The racial makeup of the county was 94.3% White, 0.8% Black or African American, 0.2% American Indian and Alaska Native, 0.4% Asian, <0.1% Native Hawaiian and Pacific Islander, 0.6% from some other race, and 3.7% from two or more races. Hispanic or Latino residents of any race comprised 1.5% of the population.

29.6% of residents lived in urban areas, while 70.4% lived in rural areas.

There were 10,133 households in the county, of which 29.8% had children under the age of 18 living in them. Of all households, 57.4% were married-couple households, 16.7% were households with a male householder and no spouse or partner present, and 20.6% were households with a female householder and no spouse or partner present. About 25.3% of all households were made up of individuals and 12.0% had someone living alone who was 65 years of age or older.

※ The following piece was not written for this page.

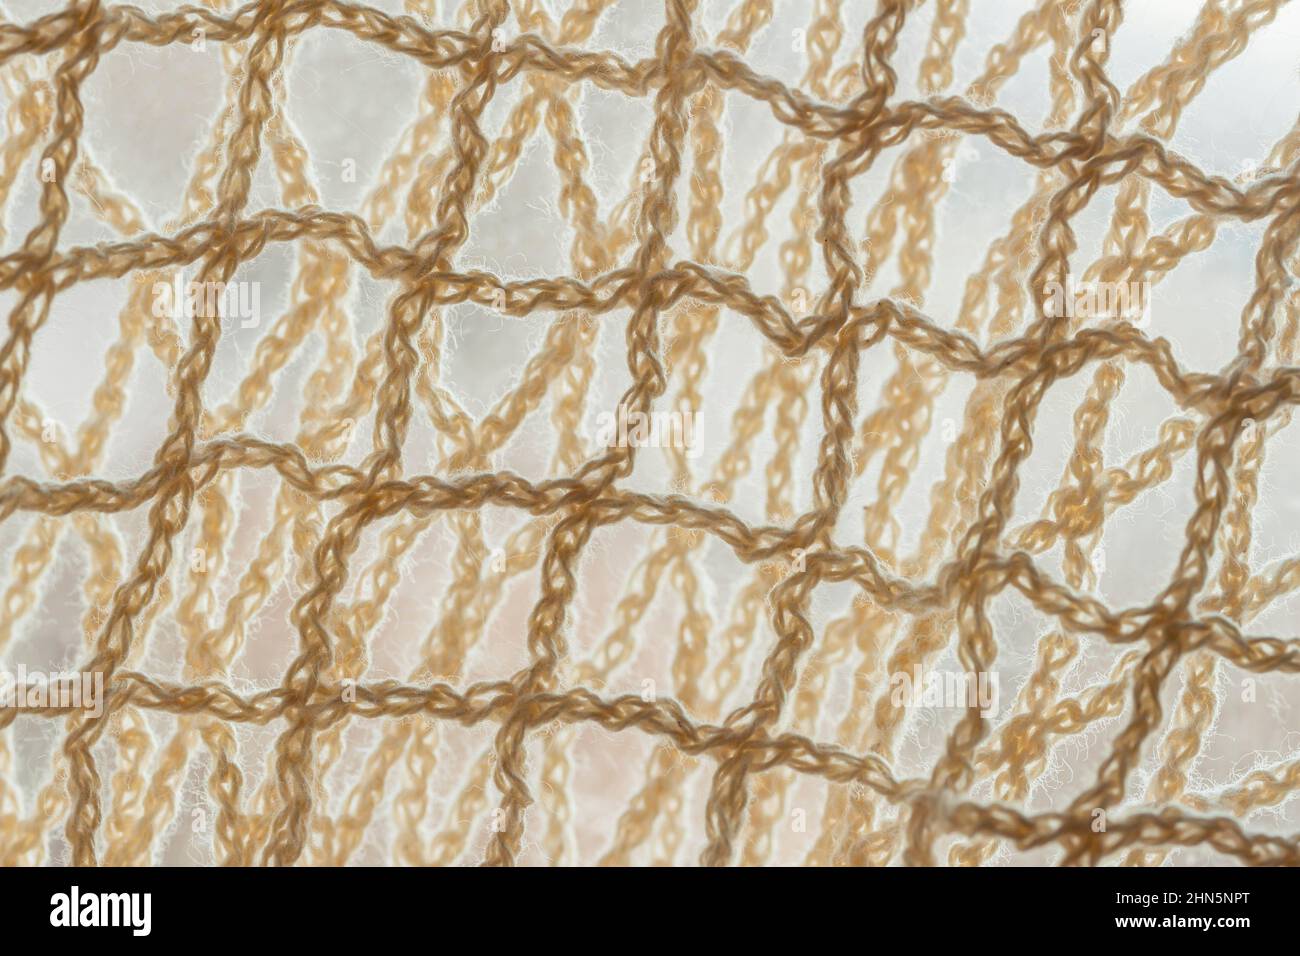 Mesh natural netting fabric close-up, light background Stock Photo

There were 11,021 housing units, of which 8.1% were vacant. Among occupied housing units, 81.8% were owner-occupied and 18.2% were renter-occupied. The homeowner vacancy rate was 1.0% and the rental vacancy rate was 10.5%.

===2010 census===
As of the 2010 United States census, there were 25,910 people, 10,171 households, and 7,442 families in the county. The population density was 63.3 PD/sqmi. There were 11,207 housing units at an average density of 27.4 /sqmi. The racial makeup of the county was 97.2% white, 0.9% black or African American, 0.3% Asian, 0.2% American Indian, 0.4% from other races, and 1.1% from two or more races. Those of Hispanic or Latino origin made up 1.0% of the population. In terms of ancestry, 43.6% were German, 13.6% were American, 11.6% were Irish, and 11.2% were English.

Of the 10,171 households, 32.7% had children under the age of 18 living with them, 60.4% were married couples living together, 8.5% had a female householder with no husband present, 26.8% were non-families, and 23.3% of all households were made up of individuals. The average household size was 2.52 and the average family size was 2.97. The median age was 41.6 years.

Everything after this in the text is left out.